DANCIN’ IN THE STREETS

        No city in America could beat Philly for tap dancing talent in the 1920s and ’30s. It seemed that every street corner along South St. and in South Philly was alive with rhythm. Dancers would show off their tap skills trying to outdo each other with “over-the-tops,”” barrel turns” and “wings” on street corners for an appreciative audience that would shower them with money. Everyone staked out and fought for their own spaces, the best dancers claiming the corners nearest to Broad St. Local black tappers could find plent of inspiration on the stages of Philadelphia’s venues for African-Americans: the Standard Theatre (right) at 1124 South St. and the Royal at 1524 South St., or the Gibson at Lombard and Broad Sts. Philadelphia would generously send out all that talent to fill the stages of New York and to light up the silver screen in Hollywood.

         It would be easy to devote an entire blog to the incredible array of tap dancers that Philadelphia gave birth to in the first half of the 20th century.

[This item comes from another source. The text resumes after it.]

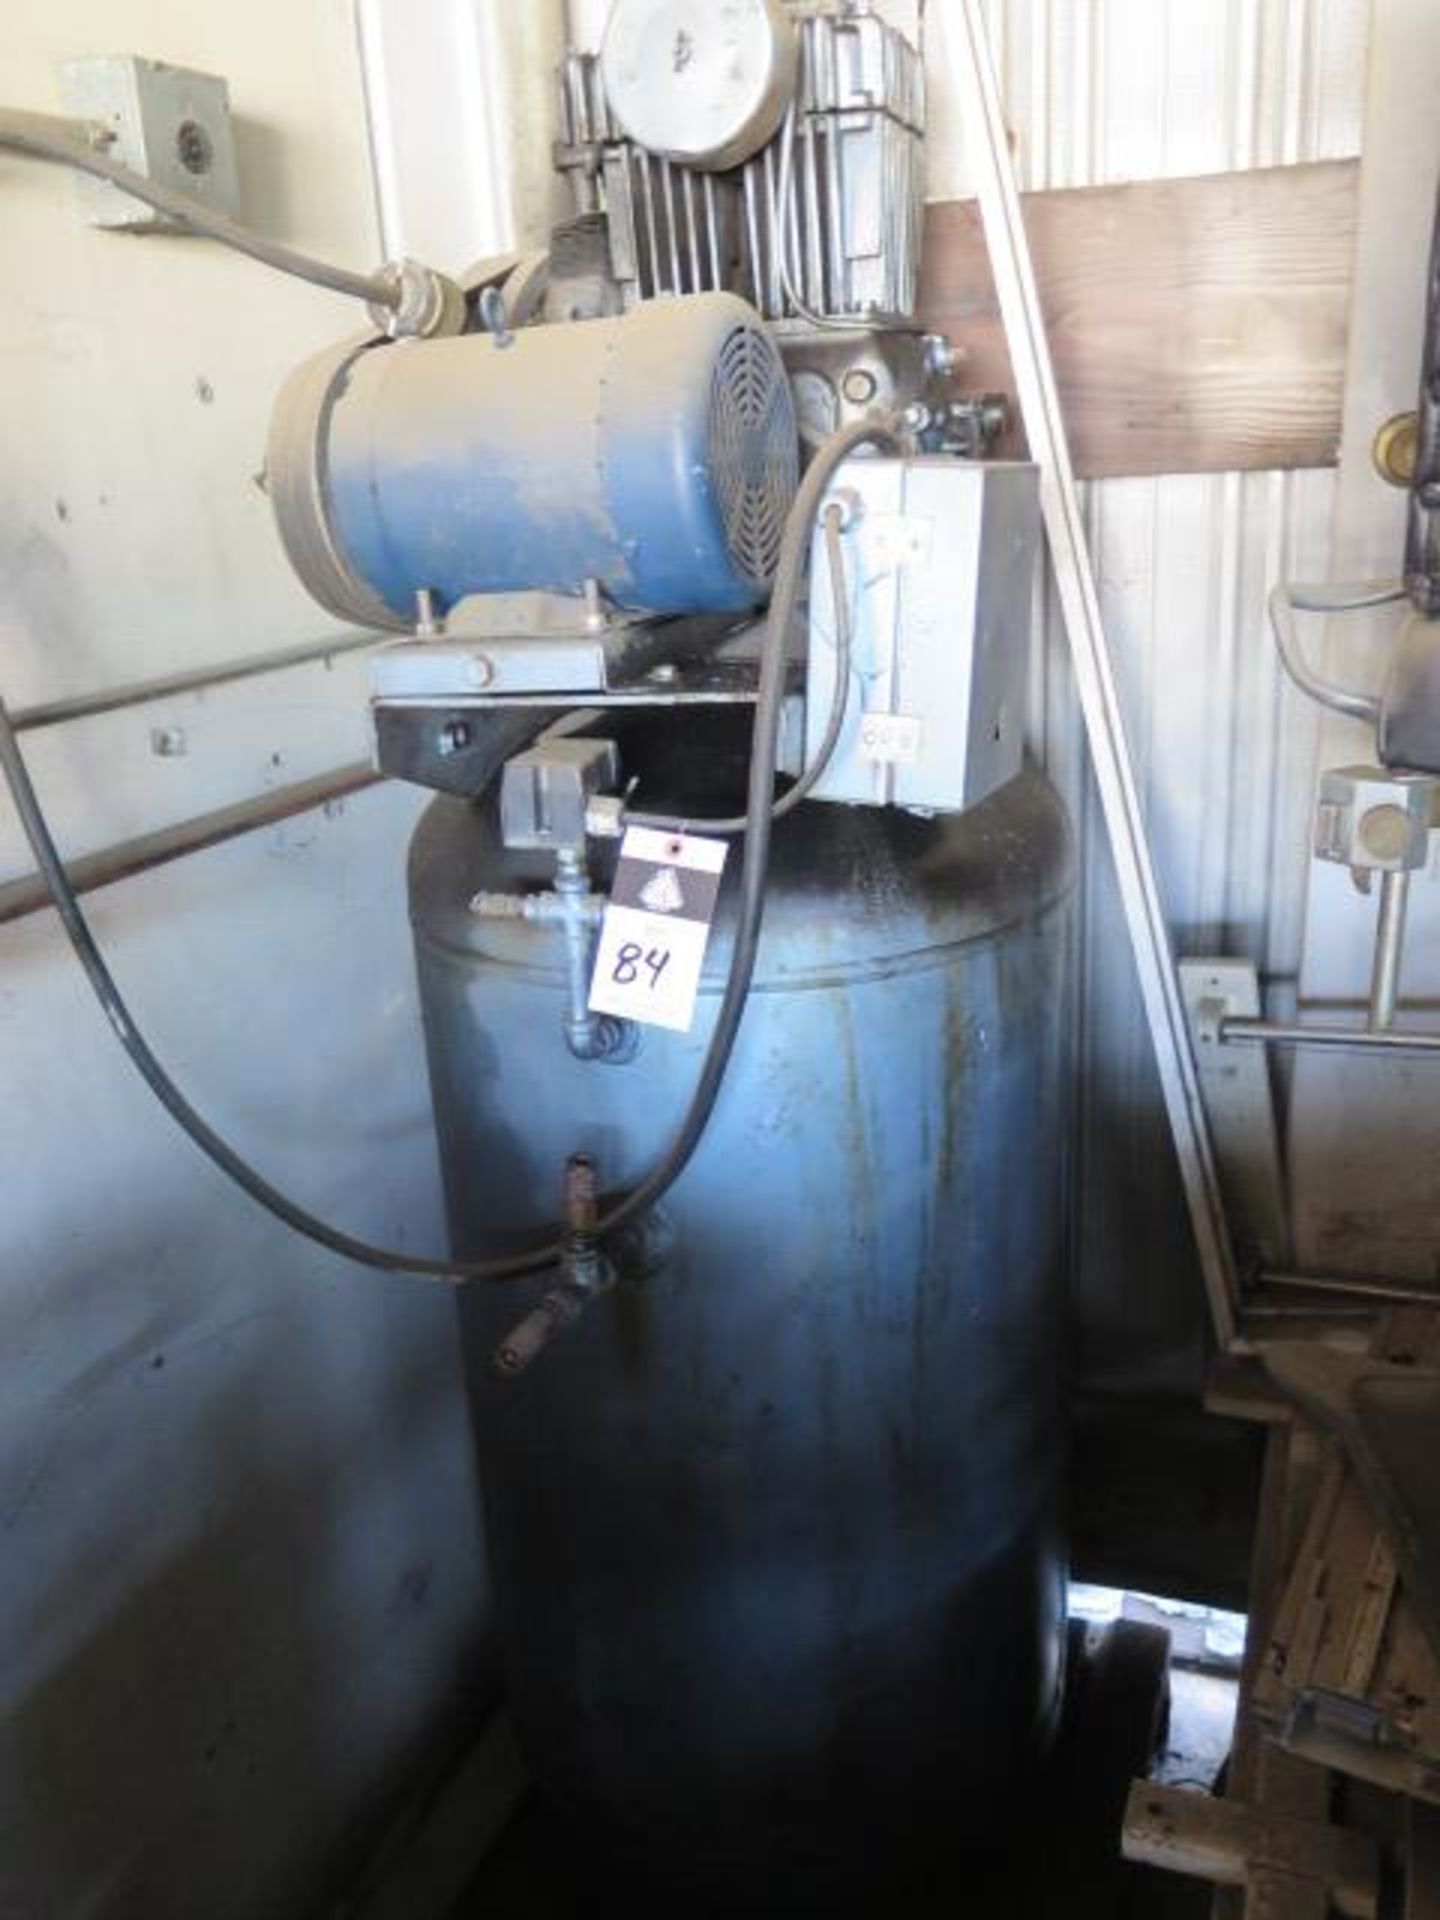 5Hp Vertical Air Compressor (NEEDS REPAIR) w/ 60 Gallon Tank (SOLD AS-IS - NO WARRANTY)
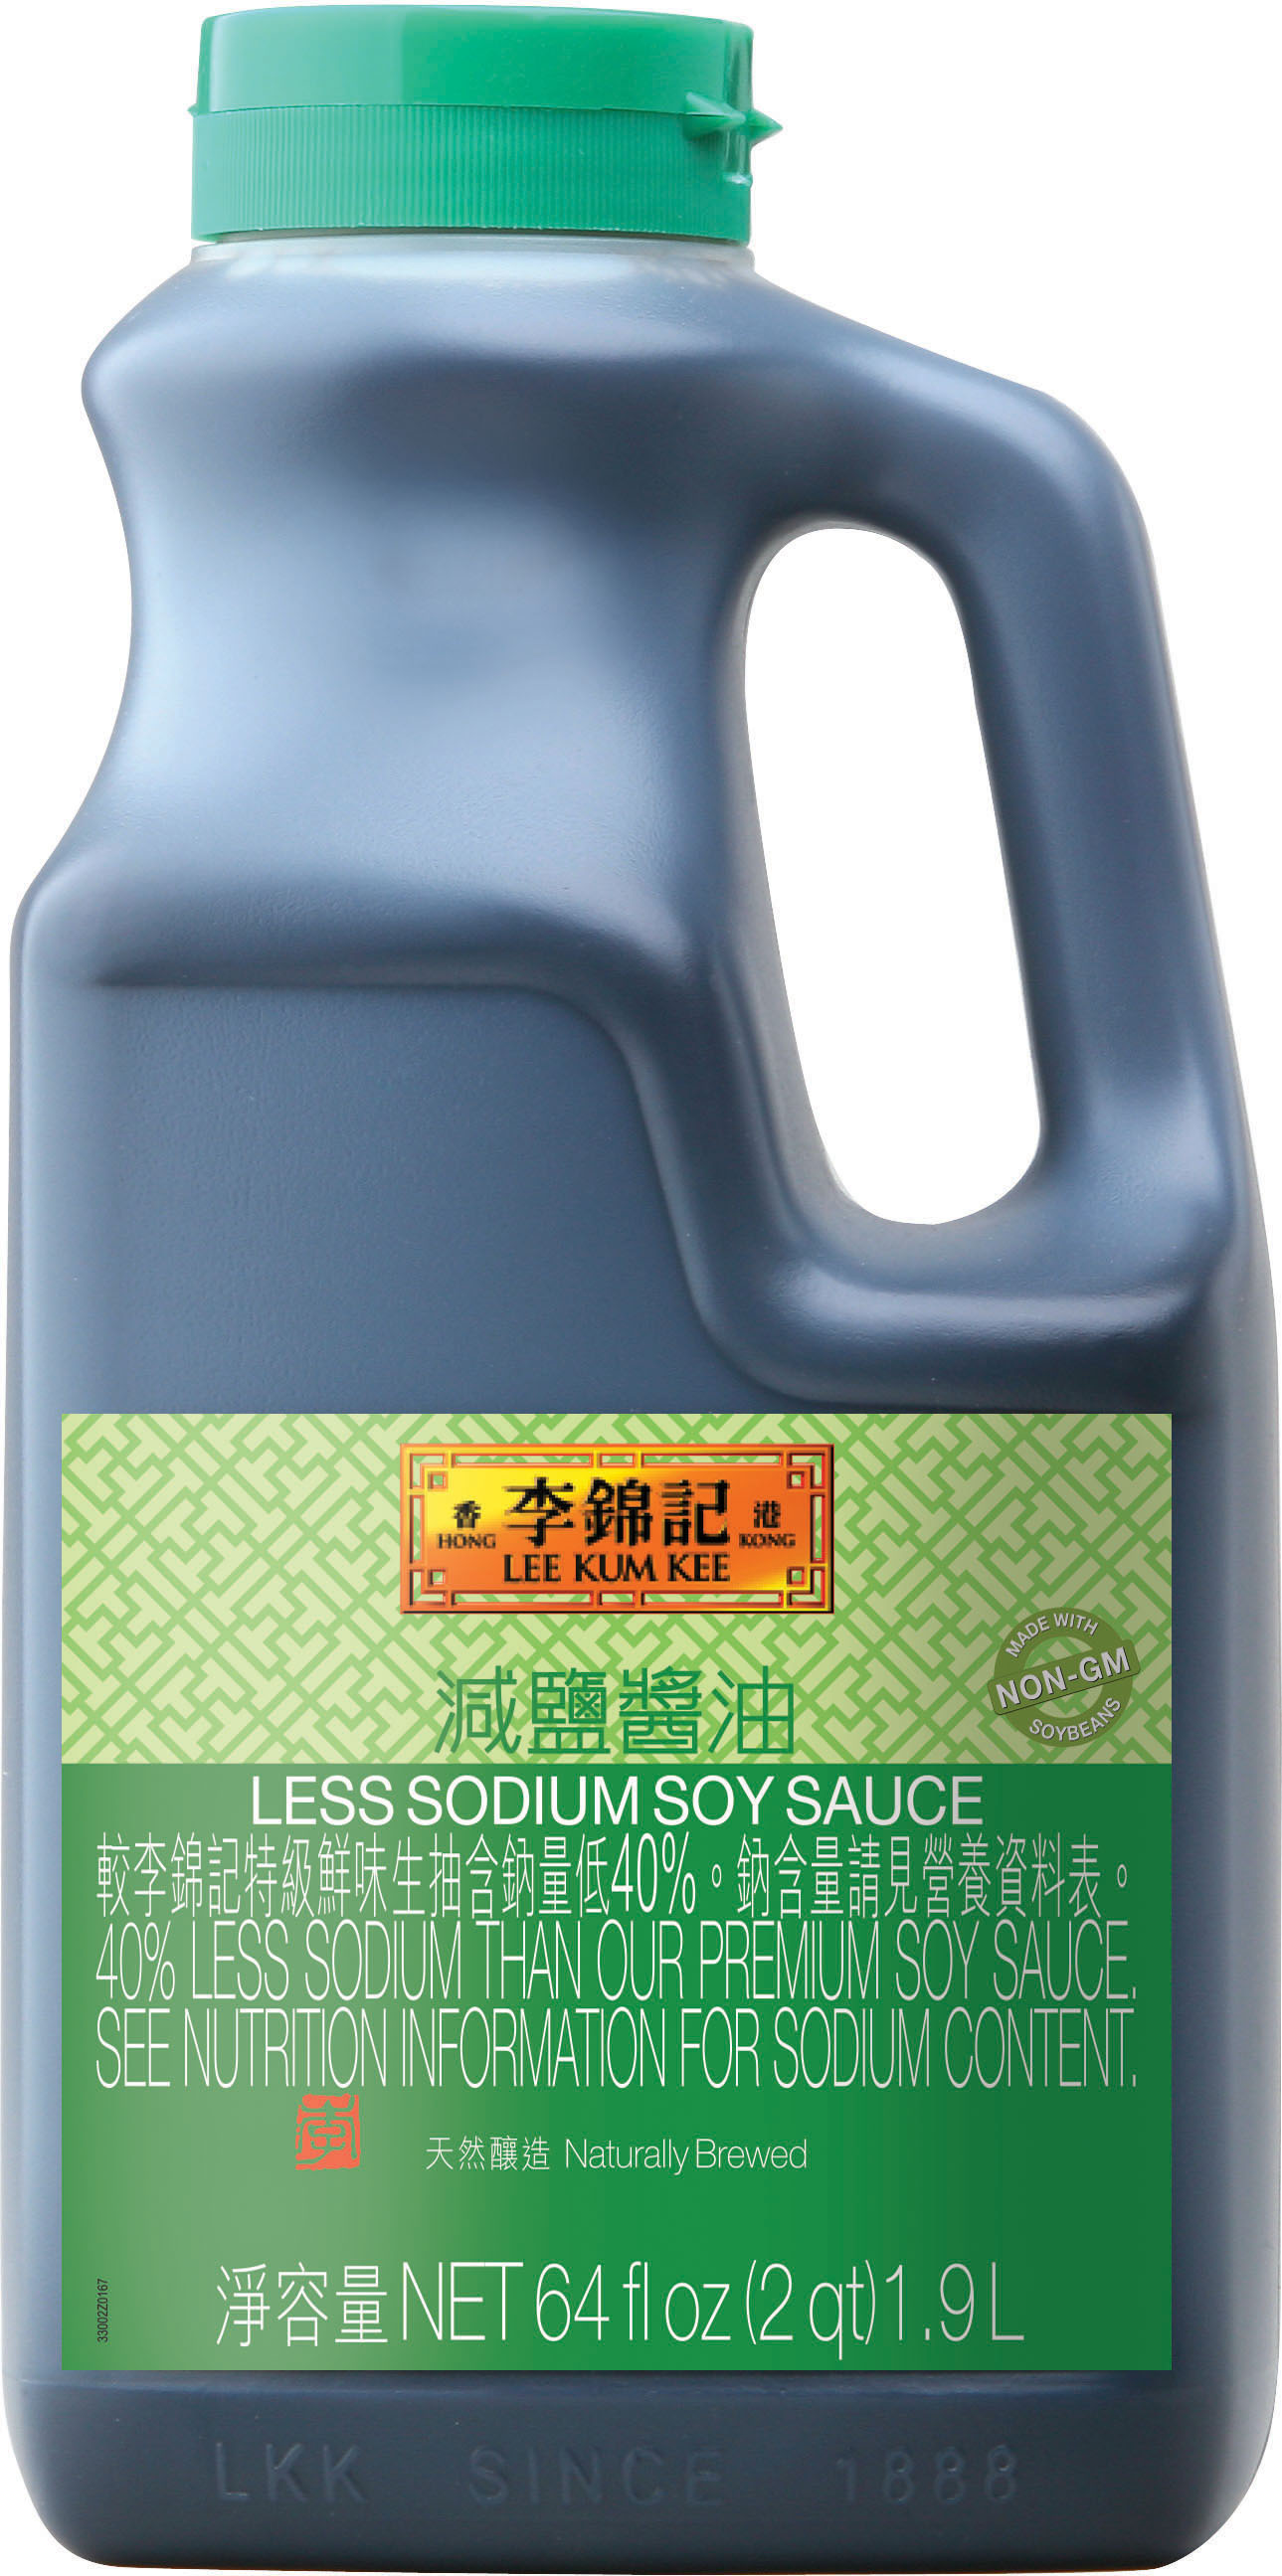 Less Sodium Soy Sauce 64 fl oz, 1.9L

I’ll write about more of them over the next few weeks, but this post is devoted to Charles “Honi” Coles.

HE MADE BUTTERFLIES LOOK CLUMSY

          Charles “Honi” Coles (left), was born in Philadelphia on April 2, 1911, the son of George and Isabel Coles. It was on the music-filled streets of Philadelphia that he learned to tap dance. He was also influenced by performers he saw on Philly stages, like Bill “Bojangles” Robinson and John Bubbles. In 1931, at age 20, he’d leave for New York, performing there as one of the Three Millers. When he discovered his partners had replaced him, he returned to Philadelphia for a while to hone his technique, practicing for long  hours to add speed and complexity to his steps. He returned to New York in 1934, and at the Apollo Theatre and the Harlem Opera House, he gained a reputation for being one of the fast tappers in the business. At 6’2”, he was tall, lanky, precise and elegant.

COLES & ATKINS
        He then toured the country with the best  ‘30s big bands like those of Count Basie, Cab Calloway  and Duke Ellington. While with Calloway, he met and partnered with Charles “Cholly” Atkins. They’d perform everything from exquisitely slow soft shoe to precision high-speed tapping, (right). Through the 1940s, they appeared with almost every band in America, as well as on the Broadway stage. Their partnership would last 19 years.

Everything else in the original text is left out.